▶ [EXERCISE] Each line from the one with "Only 4 more" through the last line of the material is to be printed exactly; no other line and no picture belongs in the copy.

▶ [PROVIDED DATA]
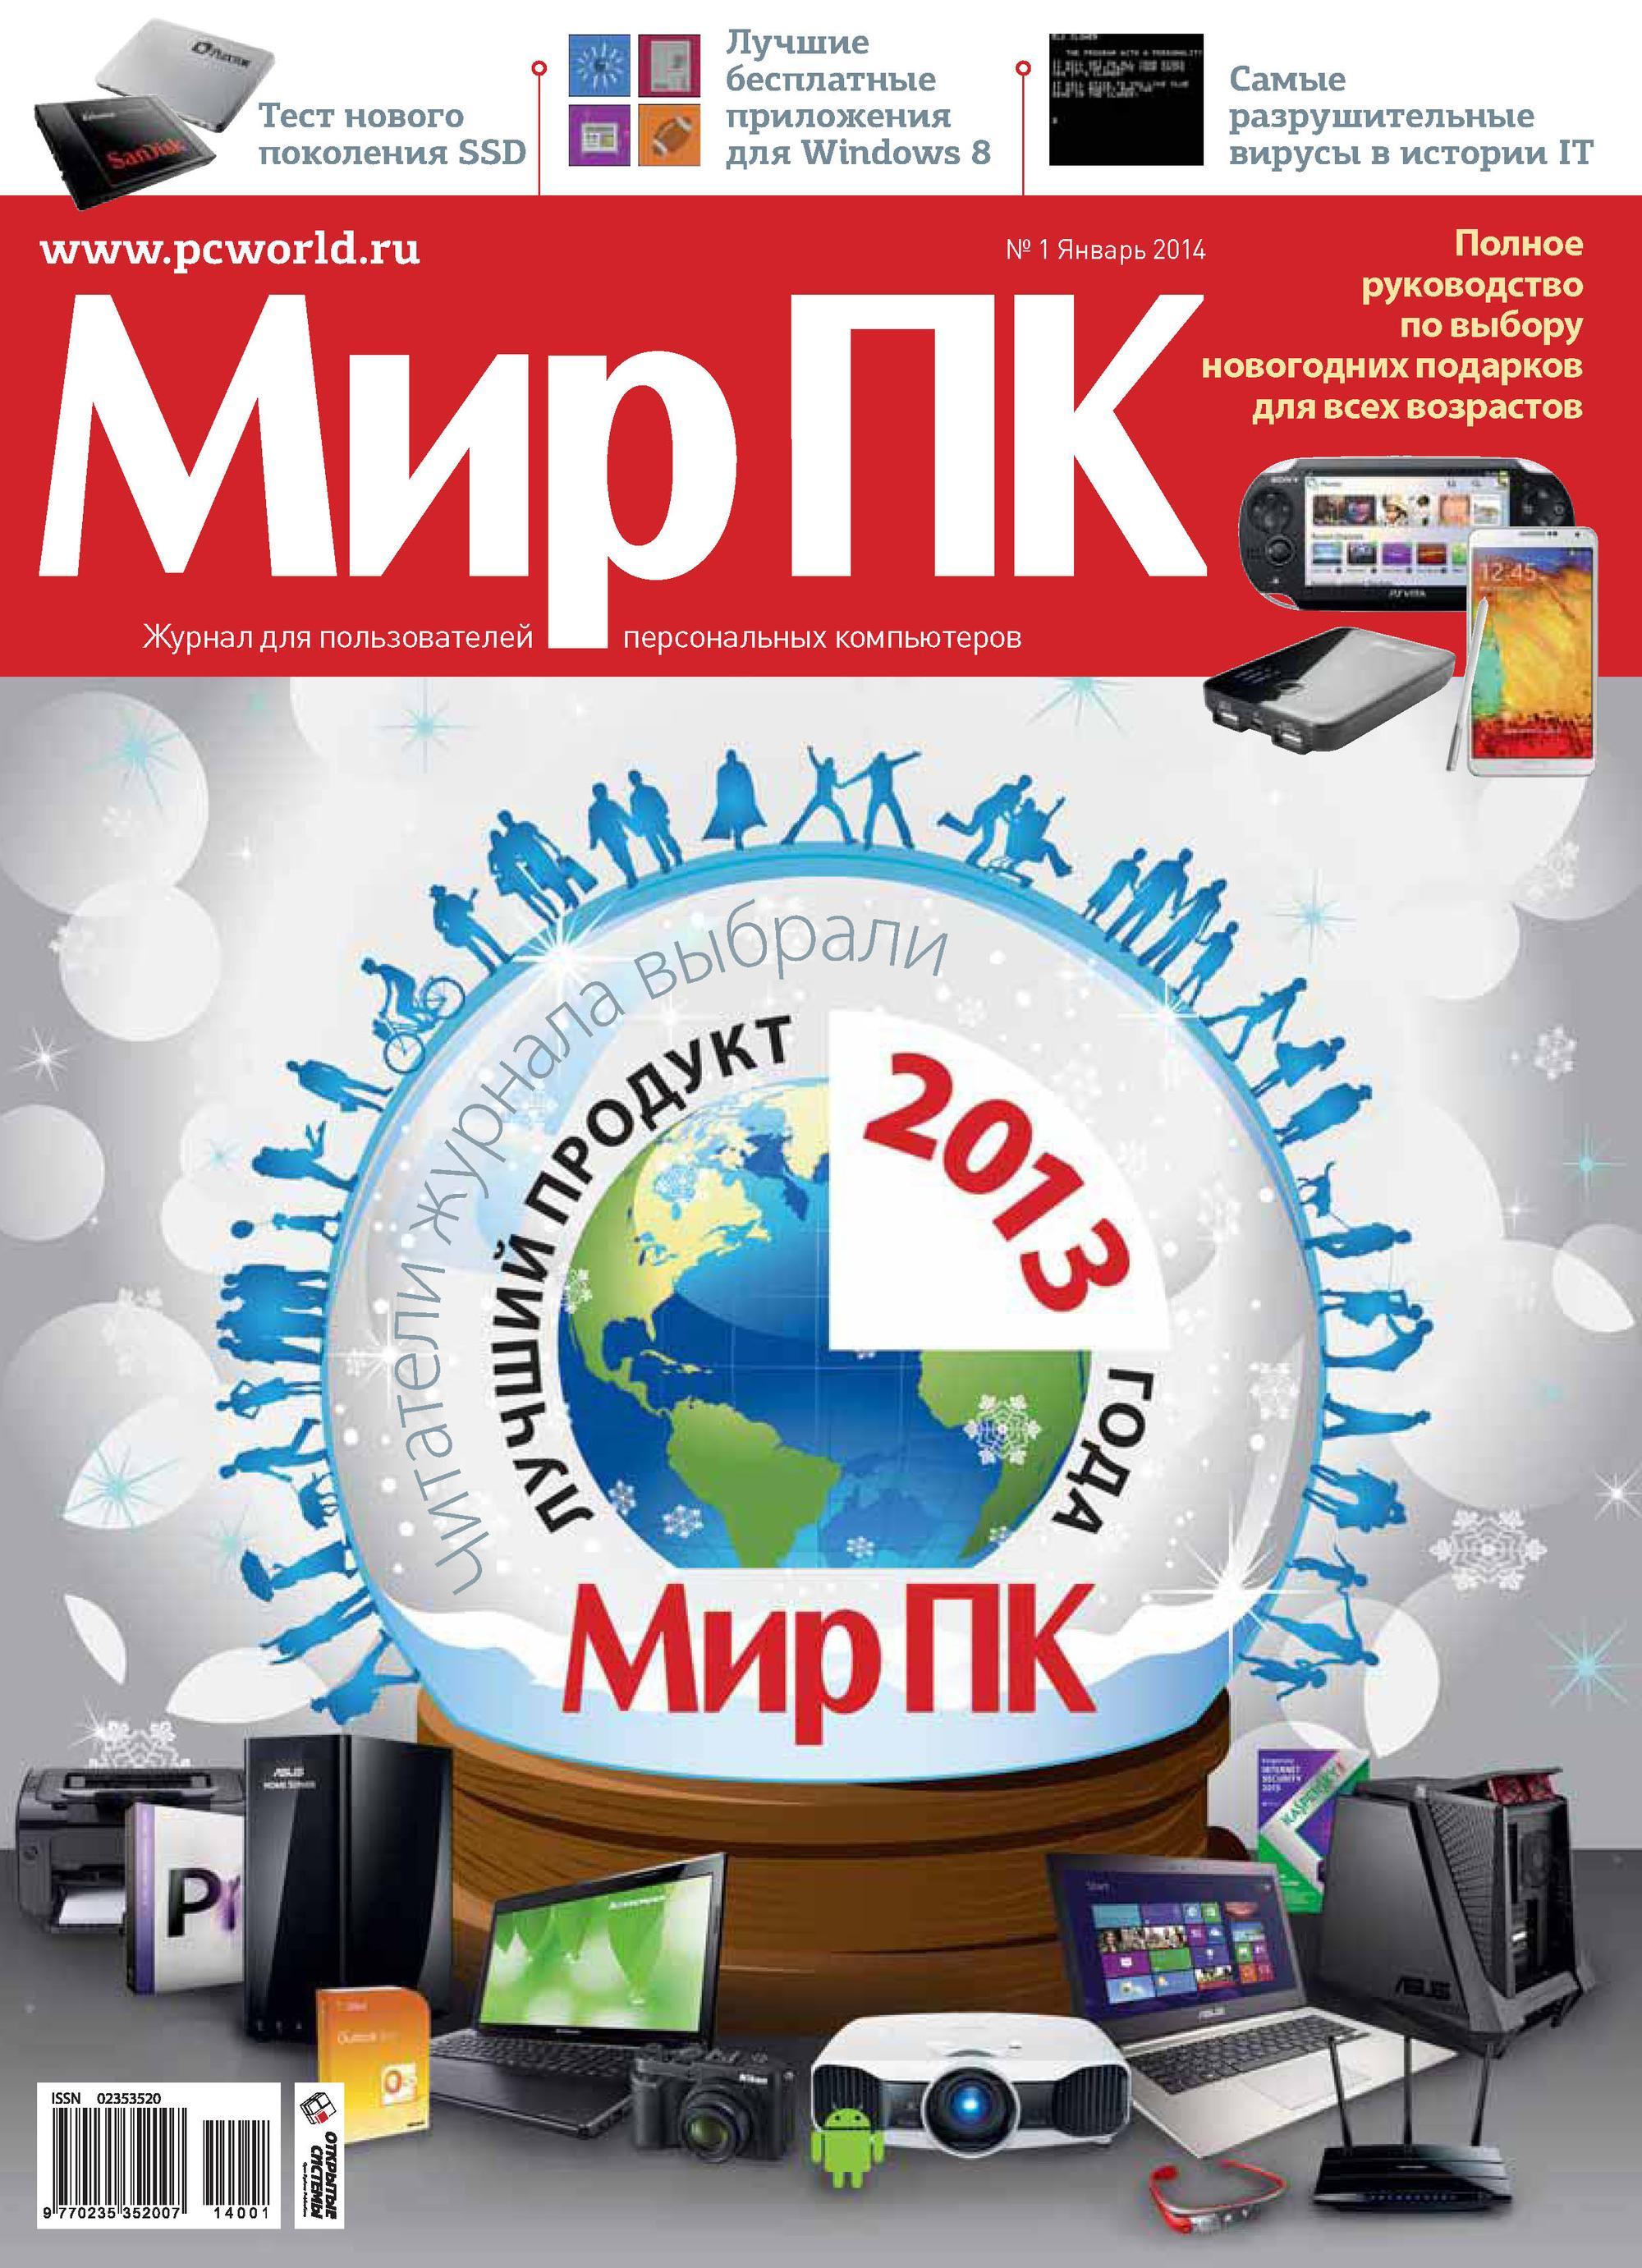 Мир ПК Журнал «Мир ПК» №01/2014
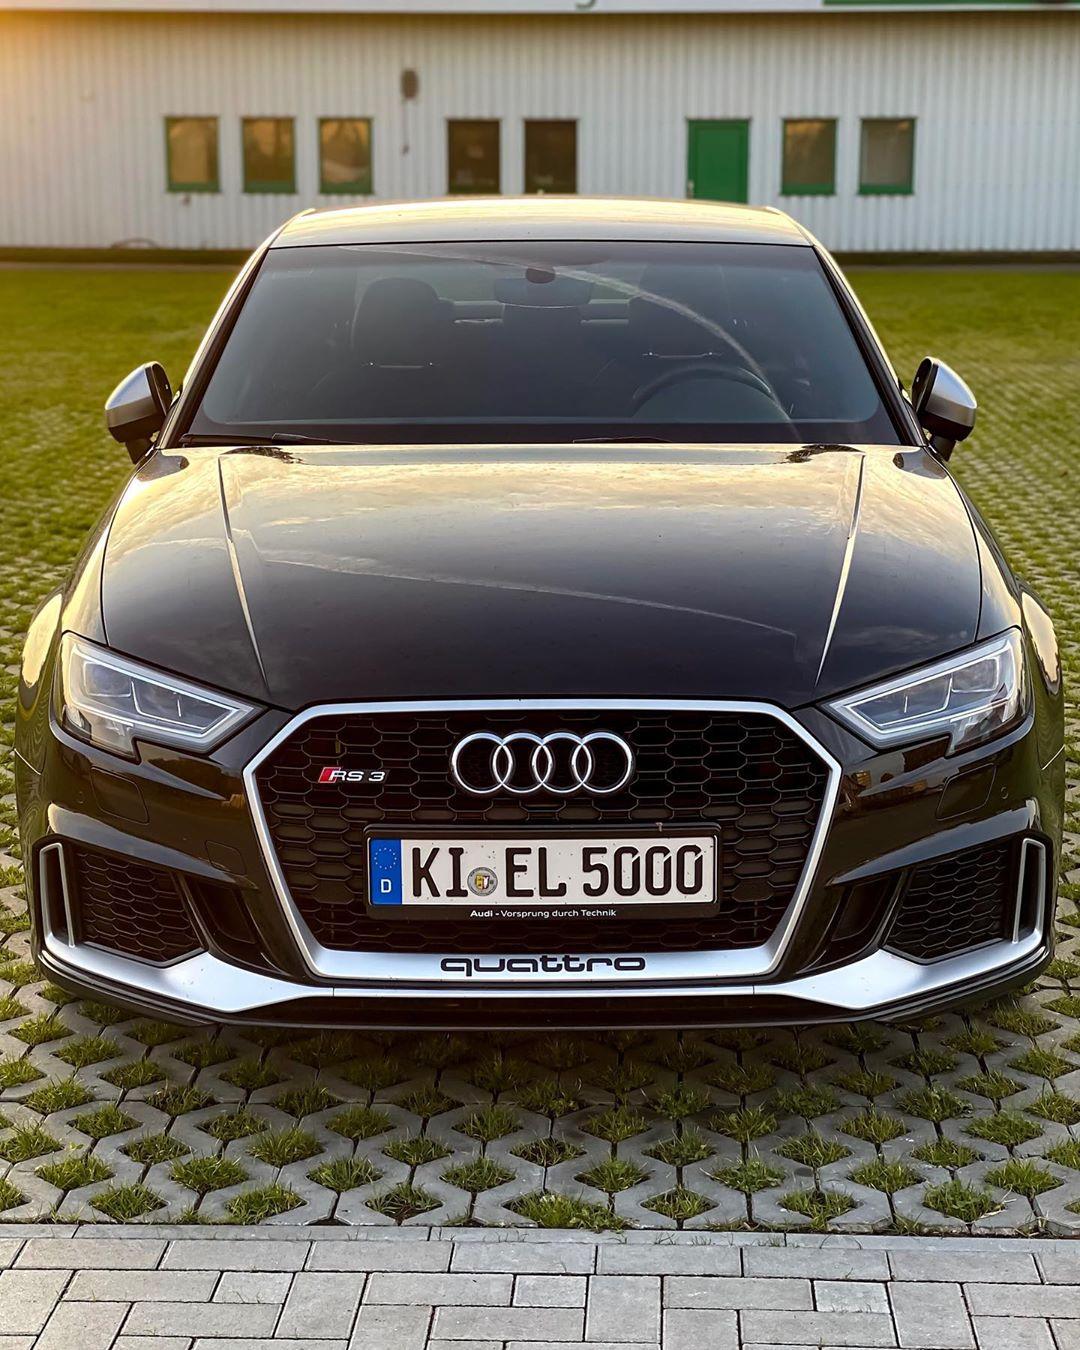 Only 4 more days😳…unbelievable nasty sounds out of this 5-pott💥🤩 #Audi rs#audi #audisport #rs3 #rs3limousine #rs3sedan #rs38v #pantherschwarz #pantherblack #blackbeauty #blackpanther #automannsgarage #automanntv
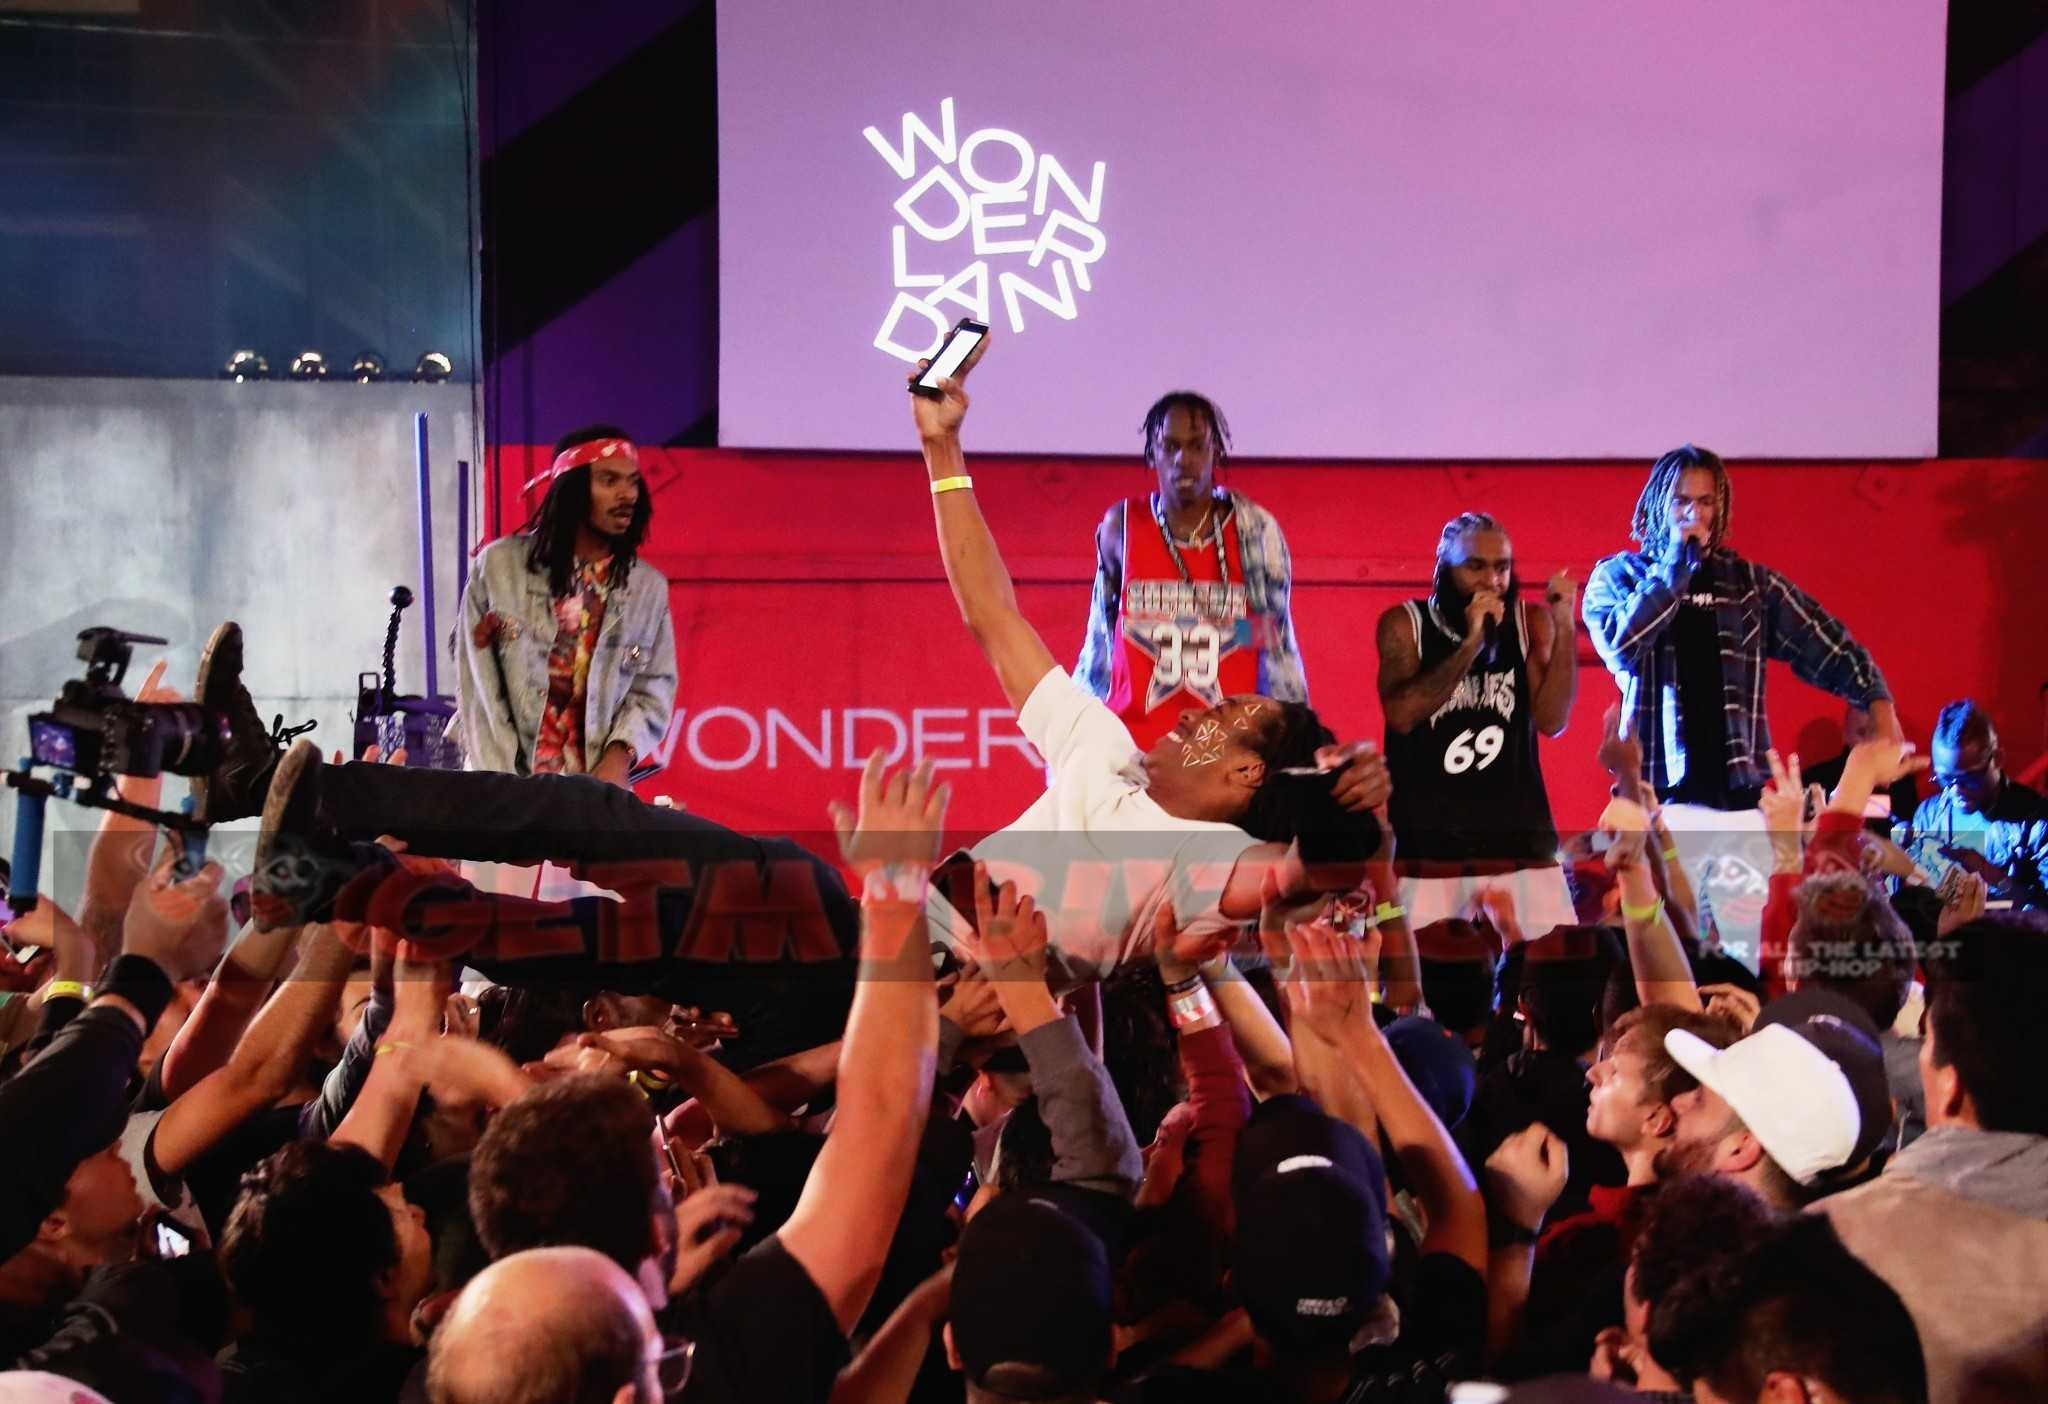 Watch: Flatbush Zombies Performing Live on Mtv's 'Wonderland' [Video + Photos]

▶ [ANSWER TO THE EXERCISE]
 Only 4 more days😳…unbelievable nasty sounds out of this 5-pott💥🤩 #Audi rs#audi #audisport #rs3 #rs3limousine #rs3sedan #rs38v #pantherschwarz #pantherblack #blackbeauty #blackpanther #automannsgarage #automanntv
 Watch: Flatbush Zombies Performing Live on Mtv's 'Wonderland' [Video + Photos]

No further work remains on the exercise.